PF e MPF cumprem busca e apreensão sobre corrupção na 101

A Polícia Federal (PF) e o Ministério Público Federal (MPF) amanheceram bem ativos no Rio Grande do Norte e mais sete estados. Desencadeia o que denominam de “Operação Via Trajana”.

BR-101 teria gerado corrupção (Foto: arquivo)

Cumprem 27 mandados de busca e apreensão.

A Operação Via Trajana é desdobramento da “Operação Via Ápia” que eclodiu dia 5 de novembro de 2010 (veja AQUI).

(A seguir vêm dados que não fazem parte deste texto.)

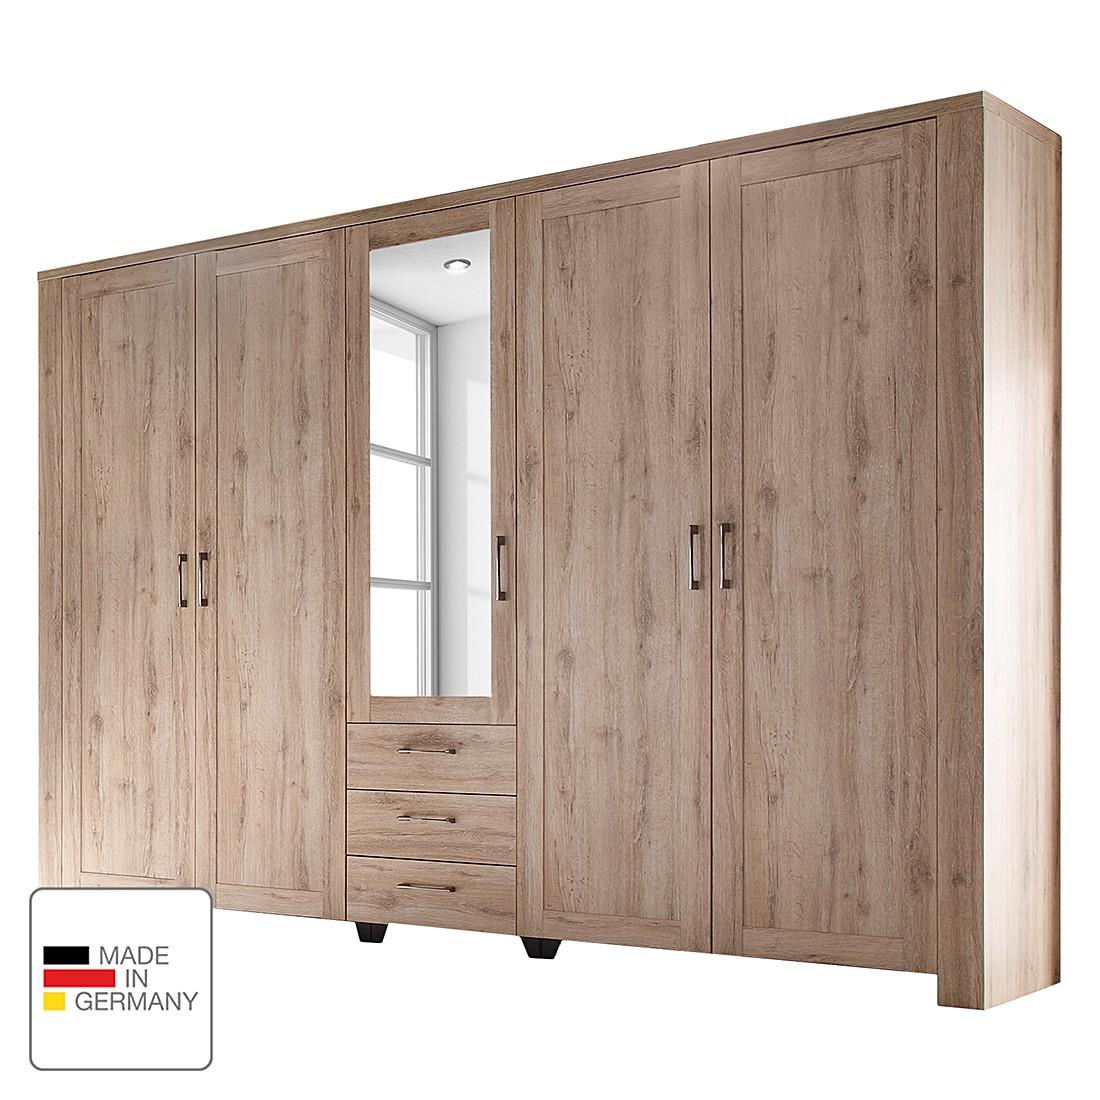 kleiderschrank lupo eiche sanremo hell ohne beleuchtung mooved jetzt kaufen. Black Bedroom Furniture Sets. Home Design Ideas

Pelo menos dez pessoas foram inicialmente denunciadas pelo MPF em 2012 (veja AQUI), acusadas dos crimes de formação de quadrilha, corrupção ativa e passiva, lavagem de dinheiro e fraudes em processos licitatórios em obras relacionadas ao Departamento Nacional de Infraestrutura de Transporte (DNIT).

O superintendente e o diretor regional do Dnit-RN, respectivamente Fernando Rocha e Gledson Maia, são alguns dos denunciados que chegaram a ser presos.

No final da manhã em sua sede, a PF dará maiores informações sobre a Operação Via Trajana.

Leia também: Polícia Federal apura esquema de corrupção na BR-101.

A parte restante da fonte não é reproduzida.